Additional Settlement Reached in Massive Auto Parts Antitrust Litigation

May 8, 2014

New York—May 8, 2014—Plaintiffs have secured an additional settlement in one of the massive antitrust proceedings against automobile parts manufacturers, which is part of the largest criminal international antitrust investigation in United States history.  The settlement calls for Lear Corp. and Kyungshin-Lear Sales and Engineering, LLC to pay almost $3.4 million to class members who include businesses and consumers who purchased automobiles and to cooperate with plaintiffs in the case against the remaining defendants.

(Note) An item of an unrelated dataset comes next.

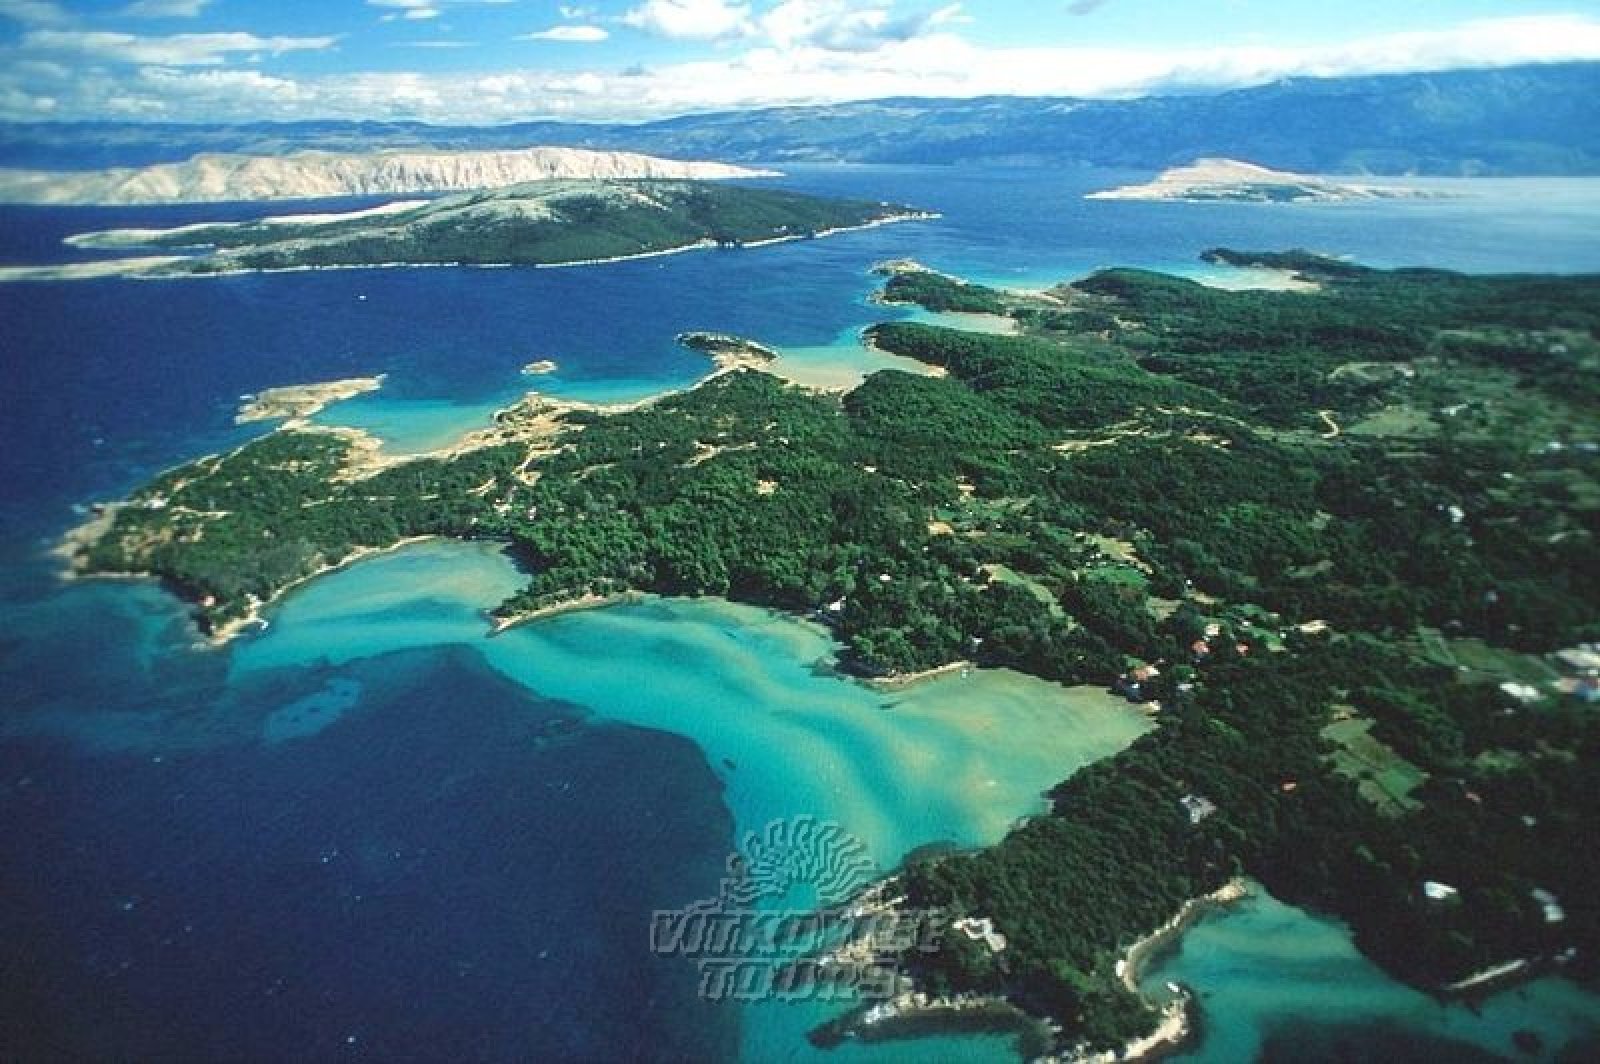 Ostrov Rab v Chorvátsku - najkrajšia dovolenka v lete 2020

 The class action proceeding, pending in federal court in Michigan, sweeps together a litany of price-fixing and bid-rigging claims surrounding the defendants’ sale of more than two dozen automotive parts for use in new automobiles.  The suit charged Lear Corp., and its affiliates, among other manufacturers, with anti-competitive conduct in the market for Wire Harness Systems which are cables or wires and data circuits that run throughout a vehicle.

The allegations in the class actions, brought by consumers and others, stem from a Department of Justice antitrust investigation that has already resulted in corporate fines of $2.3 billion and guilty pleas from 27 different companies and 25 executives.  Hollis Salzman of Robins, Kaplan, Miller & Ciresi L.L.P., Co-Lead Counsel for the end-payor plaintiffs and Co-Chair of the firm’s Antitrust and Trade Regulation Practice represents a group of nearly 50 individual purchasers of new automobiles containing the auto parts at issue in the litigation. Settlements in the case now total more than $7.8 million.